Summary of data supporting a biologic role for myoglobin in peripheral arterial disease. Myoglobin impairs arterial health through various mechanisms. EC, endothelial cell; NO, nitric oxide.
To the best our knowledge, myoglobin is the first biomarker of PAD to demonstrate a potential biologic effect on arterial health and mortality. We demonstrate a clear association between myoglobin levels and decreased NO bioavailability. This is interesting for many reasons. First, in sickle cell disease, the spilled globin domain from hemoglobin during crises is responsible for decreased NO bioavailability. Because globin units are similar between hemoglobin and myoglobin, myoglobinemia may cause a NO effect similar to that of sickle cell crisis. This could explain both a propensity to cardiovascular events (platelet aggregation, exuberant vascular tone) and possibly contribute to the increased mortality seen in this study. As such, patients with elevated myoglobin levels theoretically would have decreased arterial health and possibly decreased NO bioavailability that could affect their physiologic reserve to vascular insults like a heart attack or stroke.

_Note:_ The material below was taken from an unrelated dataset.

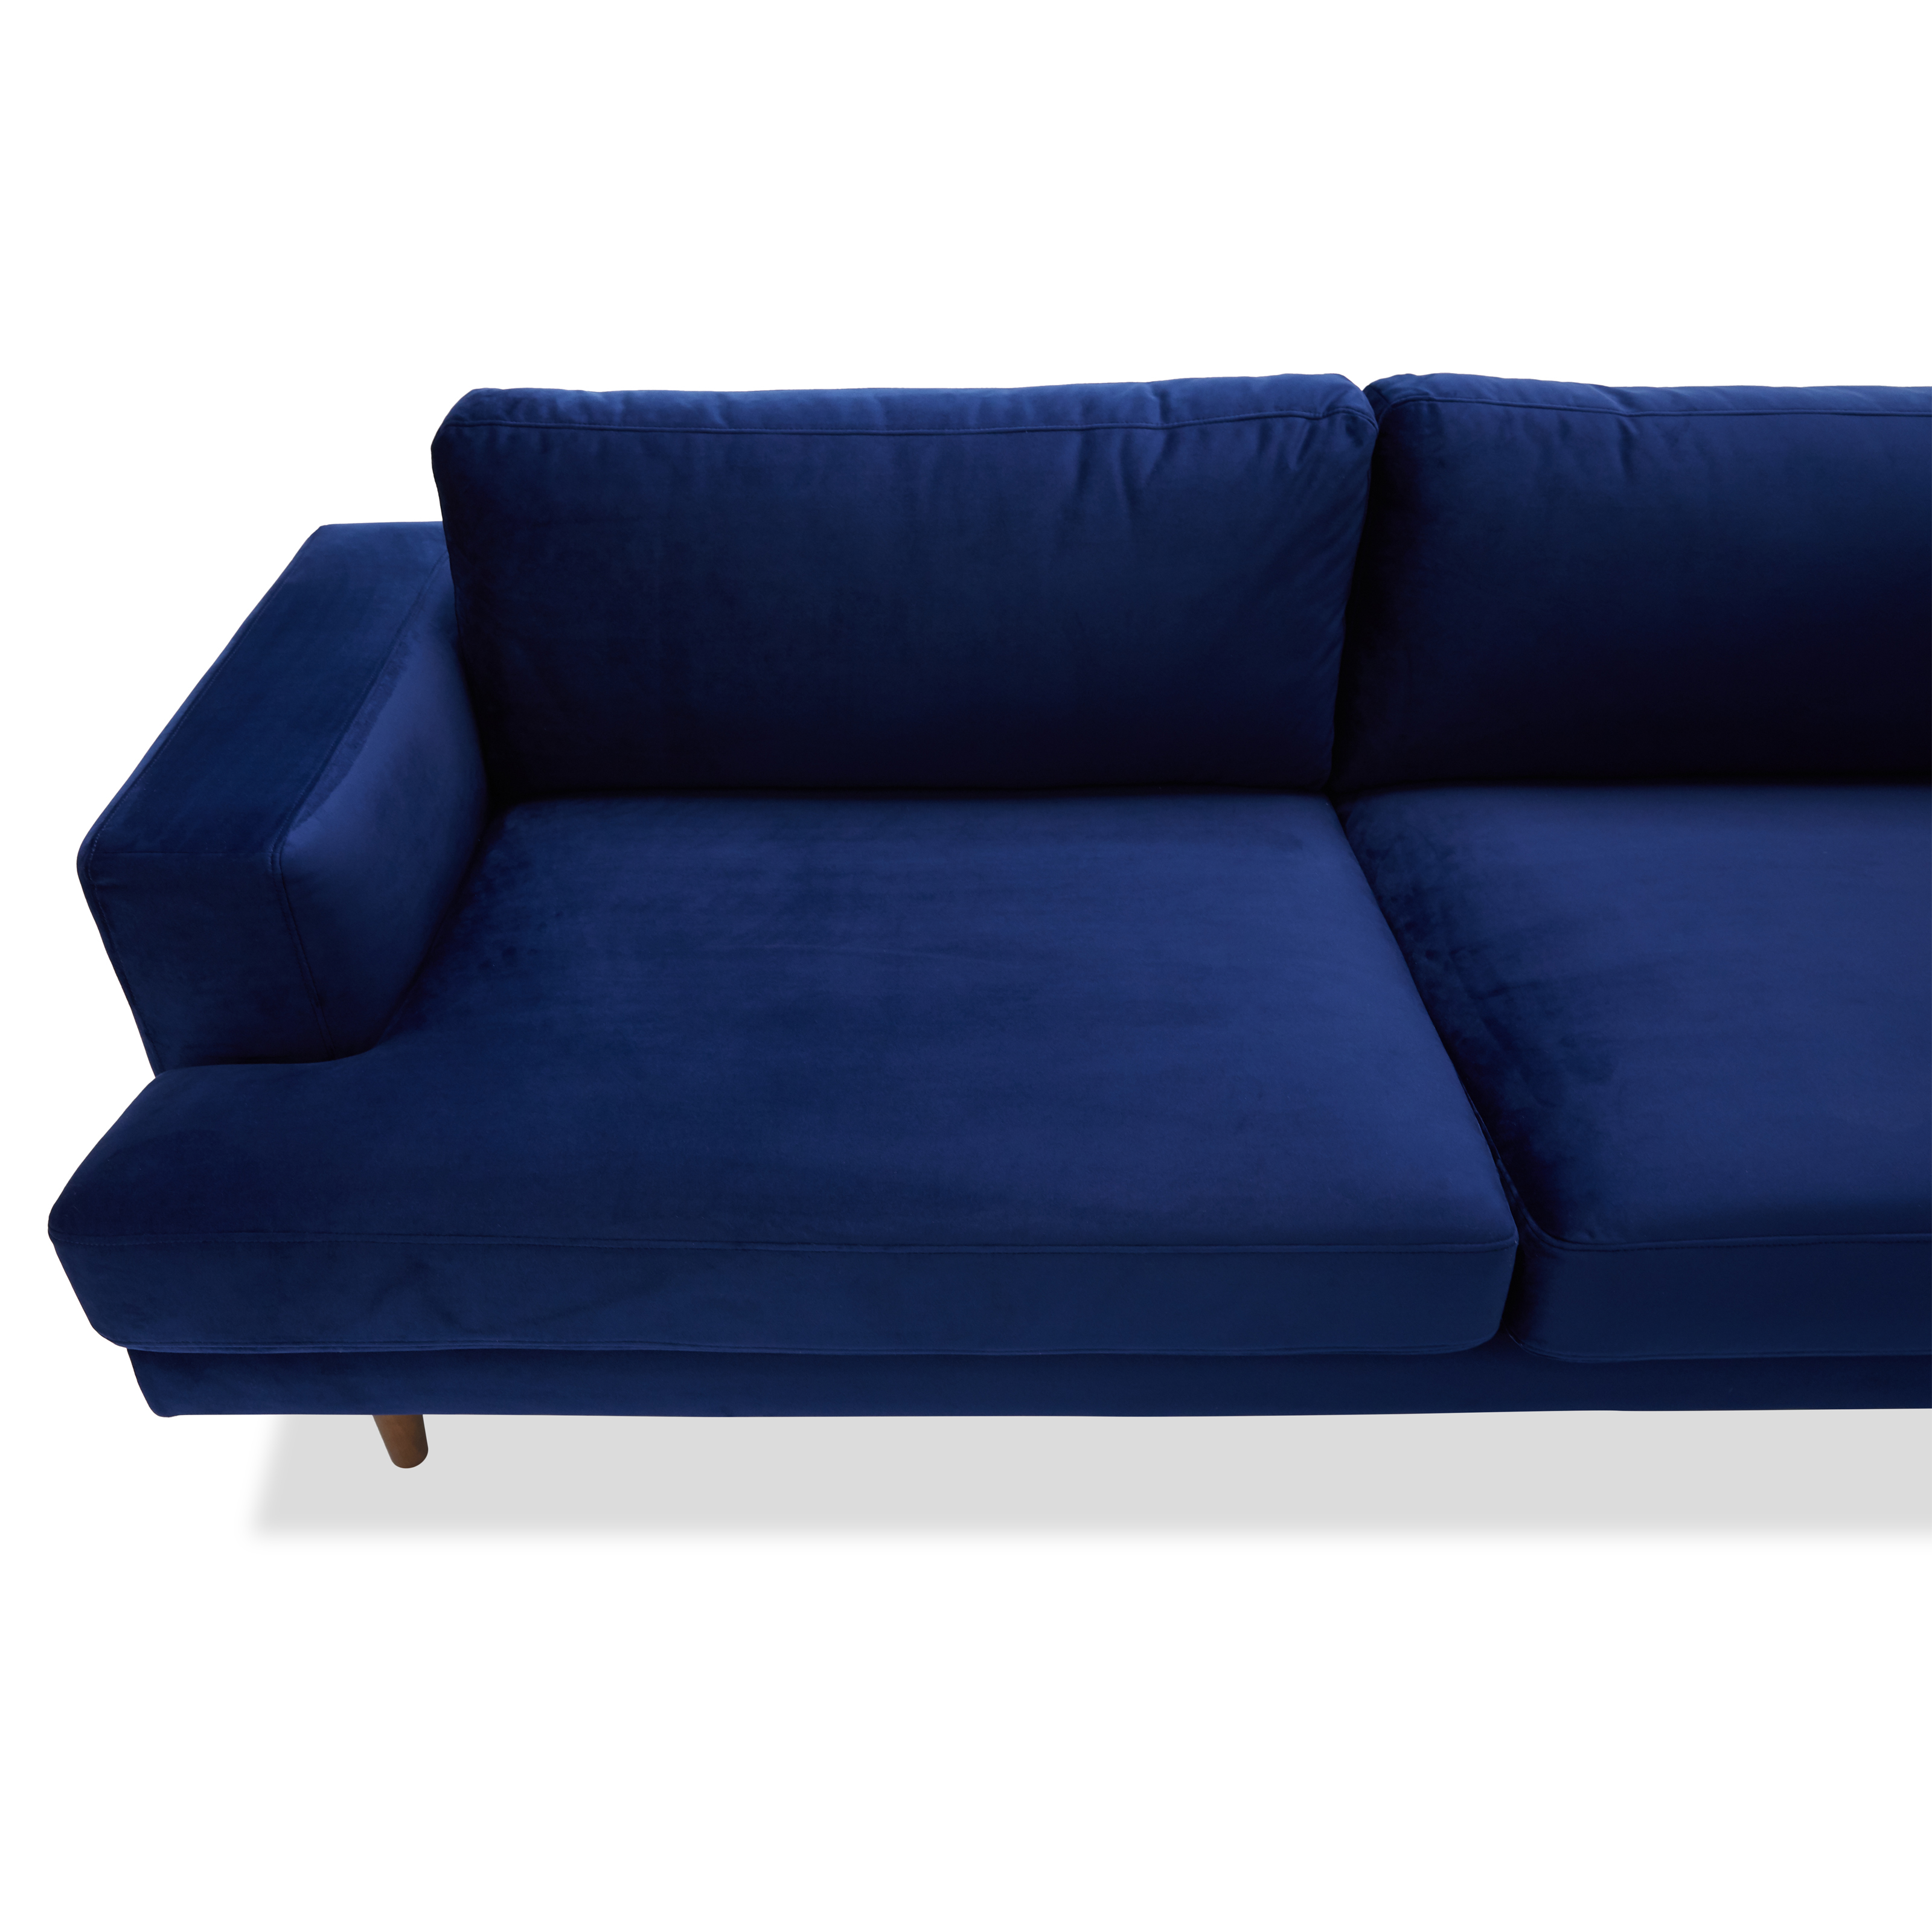 Drew Barrymore Flower Home Sofa, Multiple Colors - image 8 of 12

Additionally, recent evidence has shown that the α-monomer of hemoglobin is similar in homology to myoglobin and can act as a nitrite reductase in the endothelium of mice under hypoxic conditions leading to a reduction in nitrite and increase in nitric oxide.33,34 In this study we quantified NO bioavailability using both nitrate and nitrite (referred to as nitric oxides or, simply, NOx), which is a standard and accurate method to determine total NO production.35
There are a number of limitations in this article that warrant further study. We are excited to pursue these in future work. First, our linkage of myoglobinemia with mortality suffers from not knowing definitively how many of these deaths were from cardiovascular events. There is also a likelihood that major amputation played a role in the increased mortality rates given that many CLI patients in this study had an amputation as their index operation. However, recent publications suggest that mortality after major amputation is currently much lower than that published in older literature.36 Existing literature supports that the majority of these deaths would likely be cardiovascular in nature,37 but this needs to be better demonstrated. Nor do we have robust follow-up data from patients undergoing revascularization to see whether decreases in myoglobinemia are associated with “successful” revascularization or protection from mortality. This deserves future evaluation and may be pursued in shorter-term studies using flow-mediated dilation as a surrogate of endothelial dysfunction and as an independent risk factor for cardiovascular death. It is also interesting that revascularization in relatively young patients, like those included here, may not only improve quality of life but also mortality.38 Certainly, more work is needed to link myoglobin (or other biomarkers) to these findings, but we hope this work spurs the next stage of studies that will help answer these important questions. Certainly, the association of increased myoglobin and decreased NO was supported by our in vitro testing. However, the exact interactions will likely be more complex than myoglobin simply being a sink for NO3. There will likely be more than one mechanism by which myoglobinemia impacts arterial health, and we aim to better define these mechanisms in the future. We believe our pilot myoglobinemic model may be useful in this pursuit.
CONCLUSIONS
In summary, our multi-institutional research partnership has identified myoglobinemia as a biologically active biomarker of PAD. Future work will define the tolerable myoglobin levels and pathophysiology of arteriopathic injury by myoglobin. The long-term goal of this work will be to decrease the cardiovascular event and mortality rate from these events in PAD patients.
Author Contributions
Data curation: Scrivner, Fletcher, Hoffmann, Li, Wilkinson, Sutliff, Koutakis, Brewster
Formal analysis: Scrivner, Koutakis, Brewster
Investigation: Scrivner, Fletcher, Hoffmann, Wilkinson, Miserlis, Smith, Bohannon, Sutliff, Jordan, Koutakis, Brewster
Methodology: Scrivner, Fletcher, Hoffmann, Li, Wilkinson, Miserlis, Smith, Bohannon, Sutliff, Jordan, Koutakis, Brewster
Writing – original draft: Scrivner, Koutakis, Brewster
Writing – review & editing: Scrivner, Koutakis, Sutliff, Jordan, Brewster
Conceptualization: Sutliff, Koutakis, Brewster
Funding acquisition: Koutakis, Brewster
Project administration: Brewster
Resources: Brewster
Supervision: Brewster
Validation: Brewster
Visualization: Brewster
Abbreviations and Acronyms
- CLI
- chronic limb ischemia
- EC
- endothelial cell
- NO
- nitric oxide
- PAD
- peripheral arterial disease
Disclosure Information: Nothing to disclose.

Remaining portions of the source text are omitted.